Despite the fact that community oncology practices have been engaged in the dispensing of prescription drug products for some time, until recently they have not been subject to PBM audits (at least to the rates seen by independent retail pharmacies). Frier Levitt attorneys have noticed a distinct uptick in the number of audits being performed on community oncology practices, with a noted majority of these audits being conducted by a single major PBM. While the targeting of these entities is atypical compared to audit trends in recent years, the types of discrepancies and conduct at issue in these audits are typical of what is seen in PBM audits of pharmacies. In particular, PBMs have required community oncology practices to submit documentation to prove that the practices are collecting the appropriate copayments from patients, and that the prescriptions are being dispensed and billed in accordance with the directions and days supply authorized by the prescriber. We have also seen specific audits focusing on the dispensing of certain oncology medications, like Venclexta, in accordance with the FDA-approved labeling and manufacturer instructions. Upon receipt of audit findings, community oncology practices should remember to fully exhaust all appeals processes afforded to them under their PBM provider agreement and utilize the same strategies Frier Levitt has previously discussed in order to resolve discrepancies alleged by PBMs.
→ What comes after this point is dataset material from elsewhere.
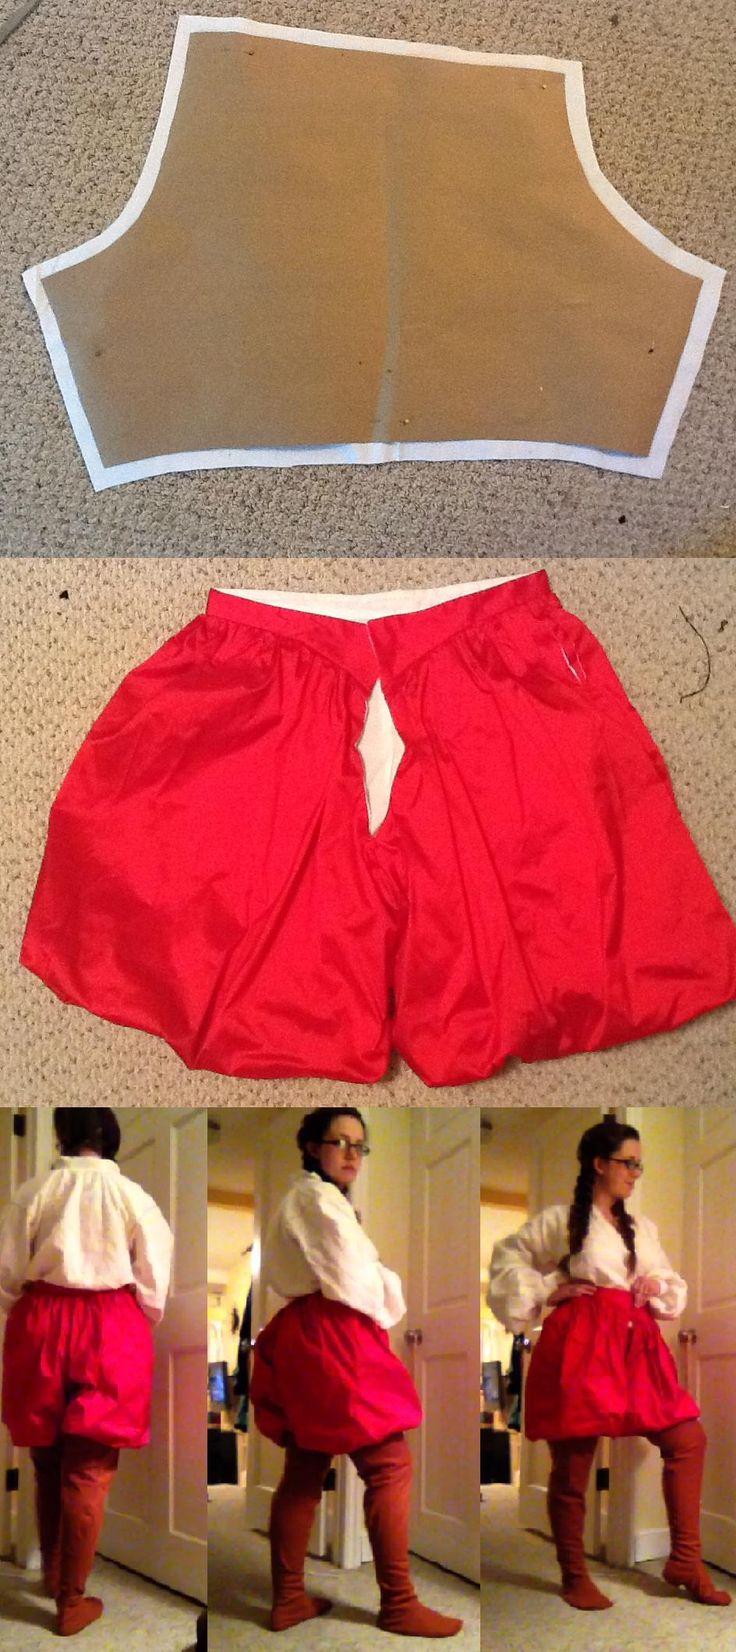 Italian Ren poofy pants

As we have previously discussed, one of the strongest strategies that pharmacies can use to combat PBM audits is establish and maintain an organized recordkeeping system, as a majority of the kinds of discrepancies that are most commonly alleged by PBMs are easily resolved by the submission of clear documentation that substantiates pharmacies’ position that the prescriptions were dispensed in accordance with the terms and conditions of their provider manuals. Likewise, community oncology practices should be sure to maintain clear records of the copayments collected, and the manner in which the prescriptions are dispensed or administered to their patients in the event that the collections of copayment or authorization of the underlying prescriptions are challenged.
How Frier Levitt Can Help
If you are a physician whose community oncology practice has recently underwent an audit or received audit findings, or wants to make sure they are adequately prepared in the event that they receive an audit request, Frier Levitt can help. Contact us to speak with an attorney today.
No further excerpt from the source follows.